今回は御神体がどれか分かっているので、大聖堂の礼拝堂にあたるホールで、御神体の植木鉢に軽く頭を下げておく。

お祈りまではしないが流石に素通りもどうかと思うので、アシェルなりの神様への敬意だ。

今日もメアリーが先導してくれて、その後ろをアークエイドに腕を絡めて歩いていく。
家族以外にエスコートされる気恥ずかしさより眠気の方が勝ちそうで、時折ぐらつく身体の支えにしている感じだ。

神官が開けてくれた儀式の間へメアリーが入っていく。

相変わらず儀式の間は真っ白で。
何処に照明があるのか分からないが、とても明るい空間だ。

中央の雛壇と祭壇の前には、白を基調にした衣装に身を包んだアルフォードとイザベルが立っていて、同じく白を基調にした少し派手な神官服を着た祭司から説明を受けている。

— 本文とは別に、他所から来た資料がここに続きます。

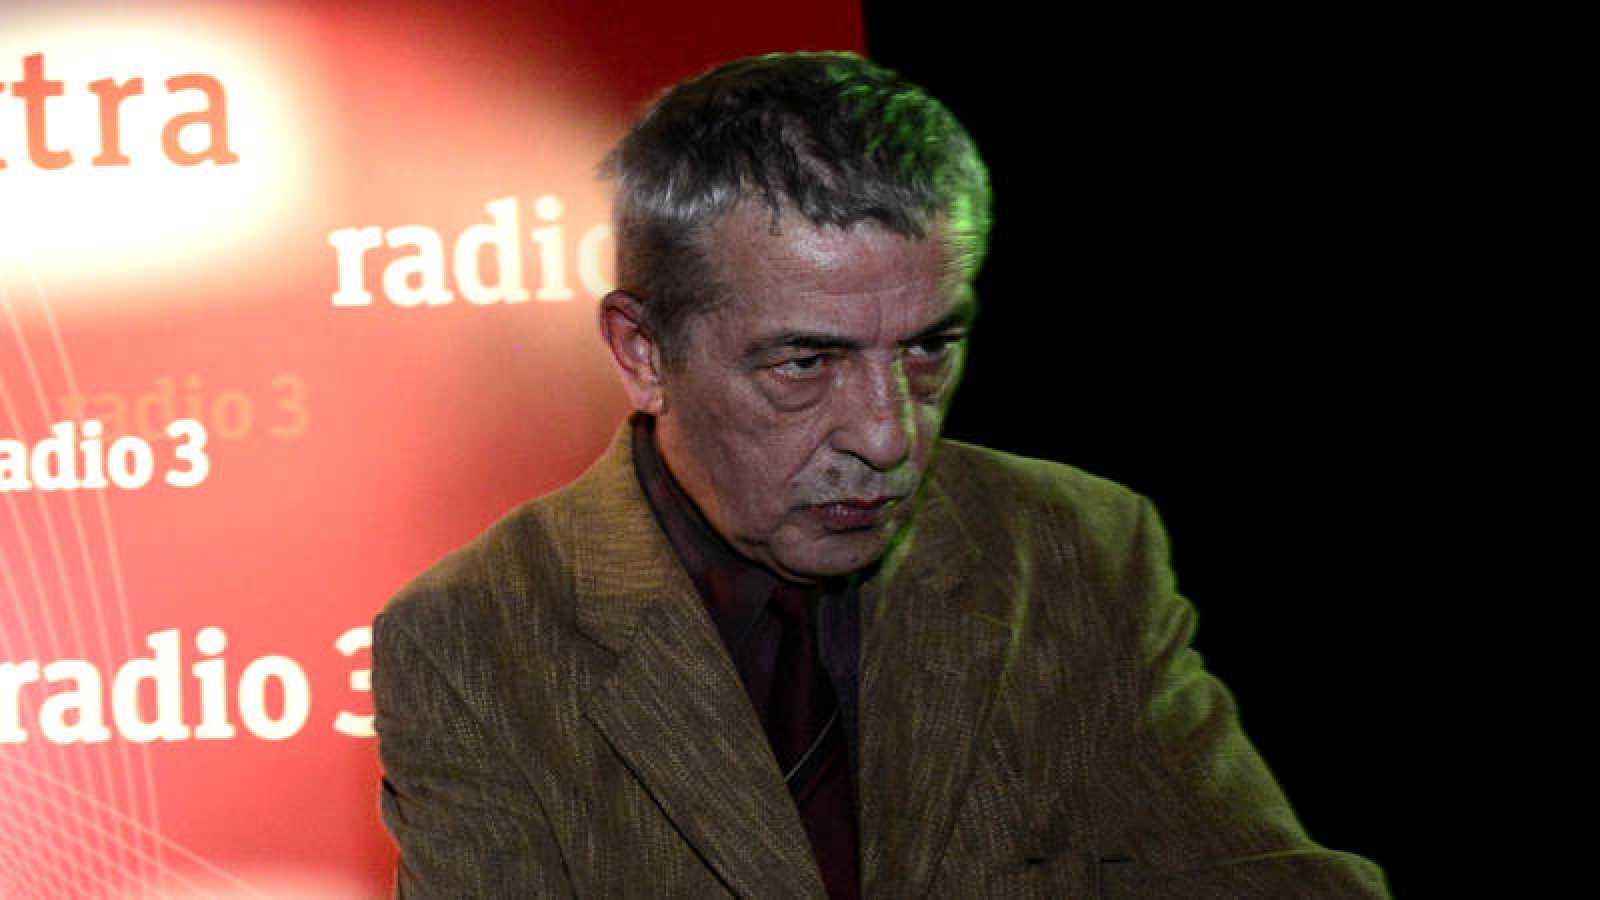 José Manuel Costa en su participación en la Fiesta de Radio 3 Extra en 2015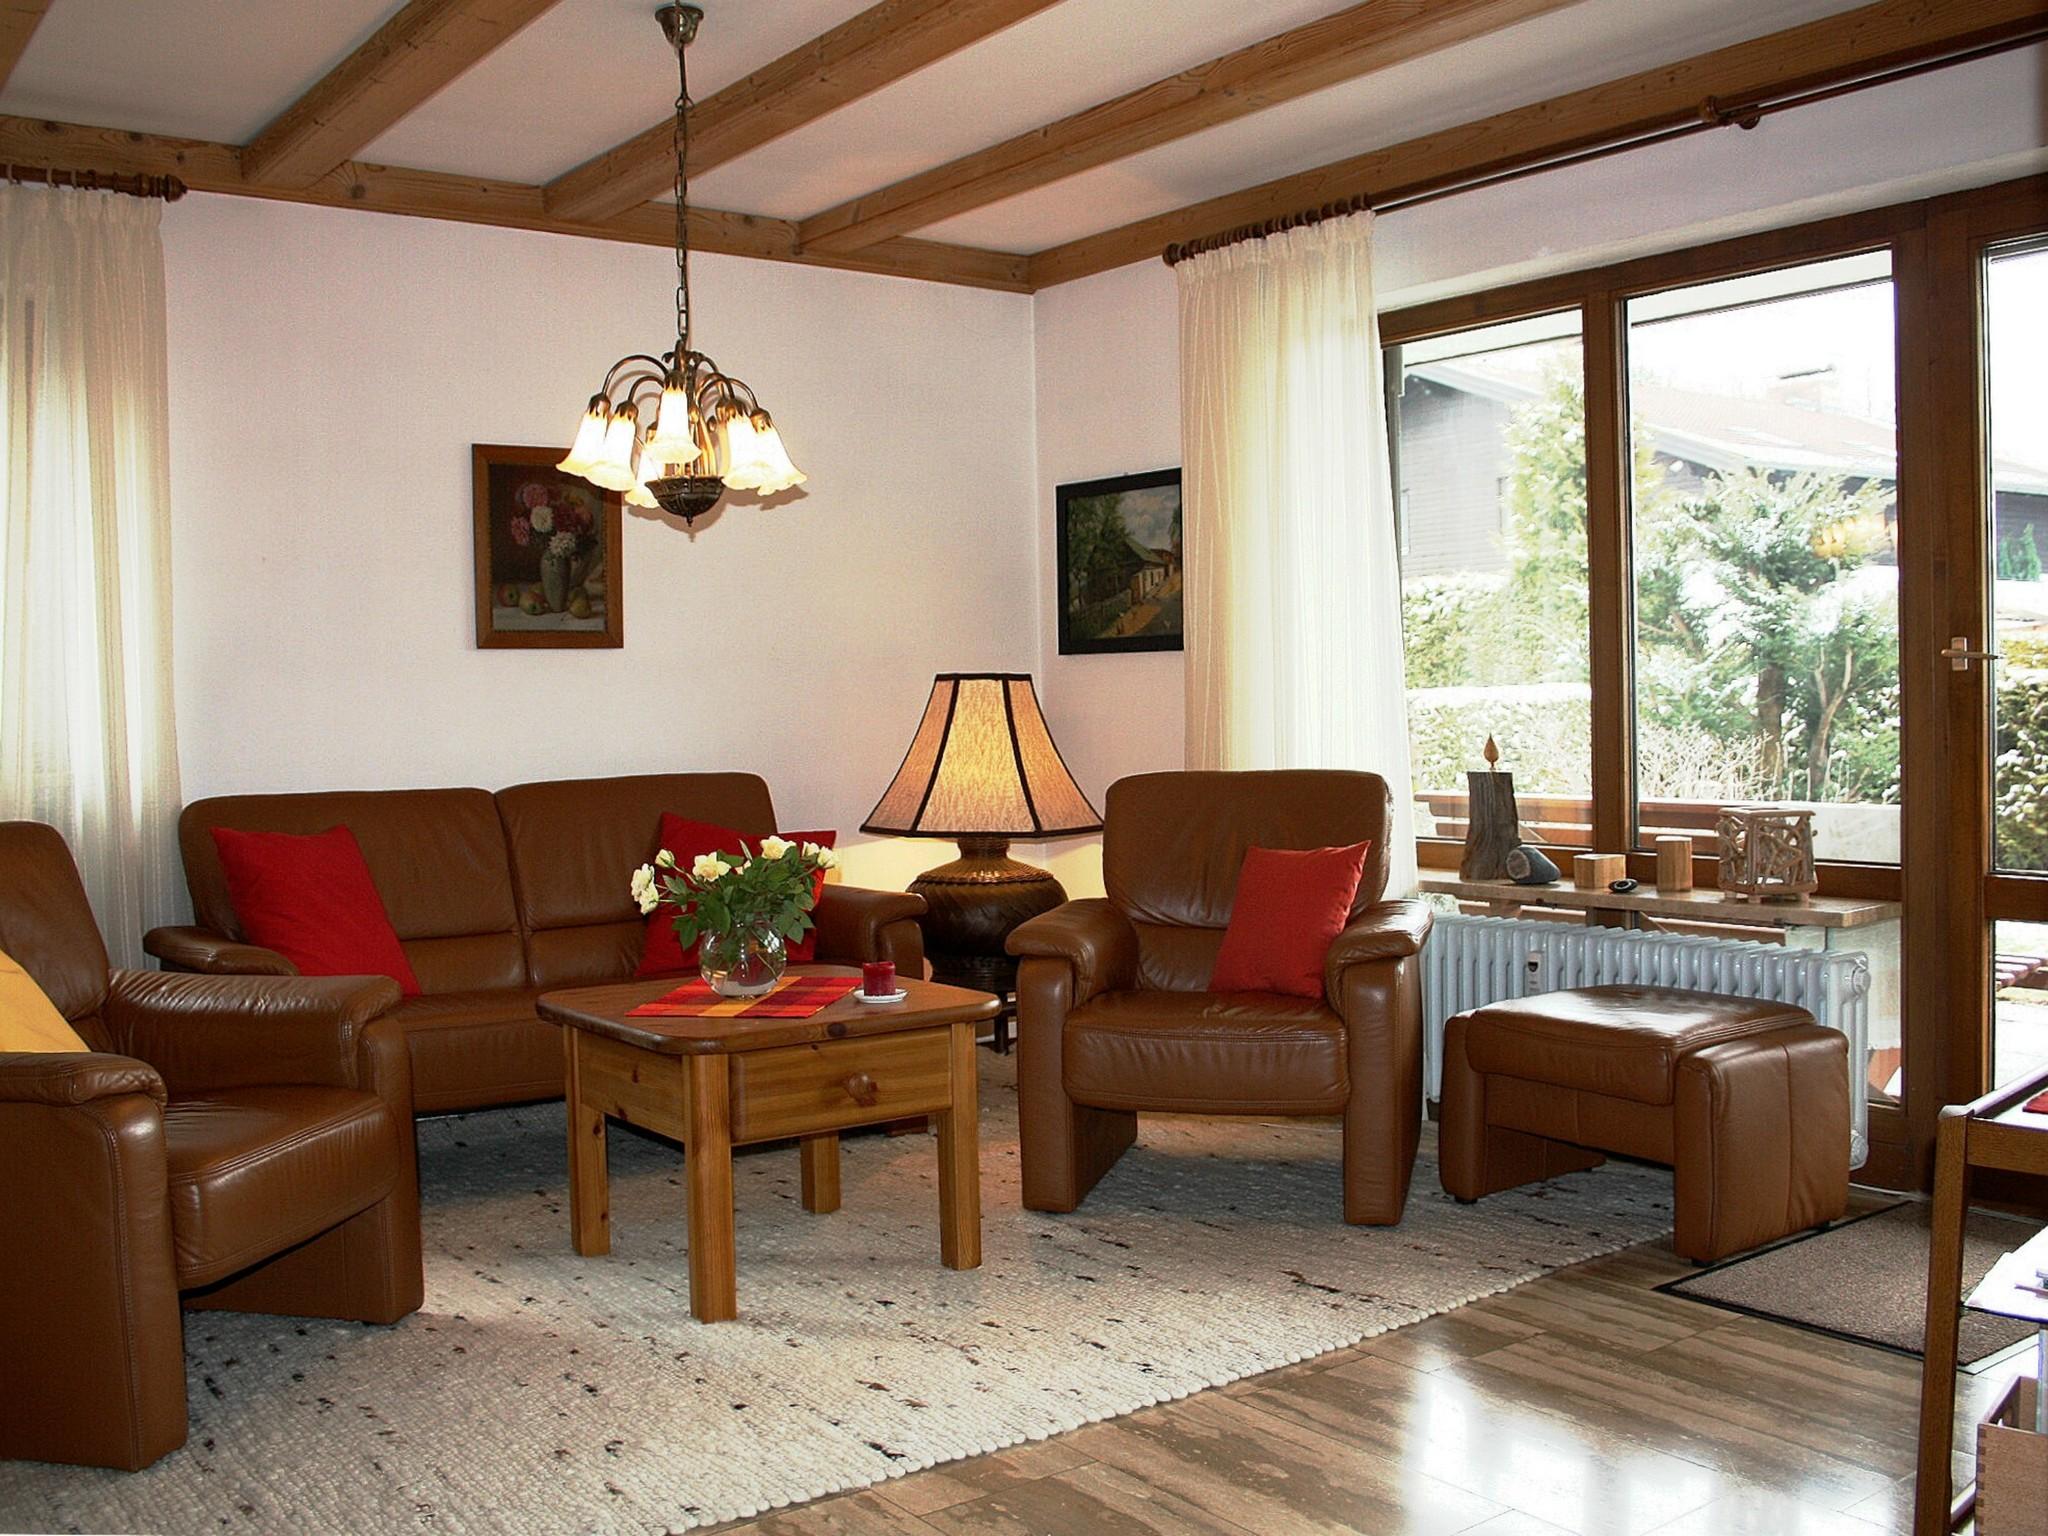 Hinterleitner angelika de grassau ferienwohnung 80 qm for Wohnzimmer 80 qm

来年にはアシェルとアークエイドの婚約式をする予定なのだが、儀式そのものに出られないアシェルもあそこに立つのだろうかと少し疑問に思う。

残る家族は壁際で談笑に耽っているようだ。

二家で行う婚約式は二回目だし、メイディー家は三回目、トラスト伯爵家は四回目の婚約式への参加である。
当主たちは自分達や兄弟のものにも参加しているだろうし、雰囲気に緊張などは見られず和やかに過ごしている。

アシェルにとっては見ているだけでも不安を掻き立てる部屋なのだが、儀式の間に足を踏み入れない訳にはいかない。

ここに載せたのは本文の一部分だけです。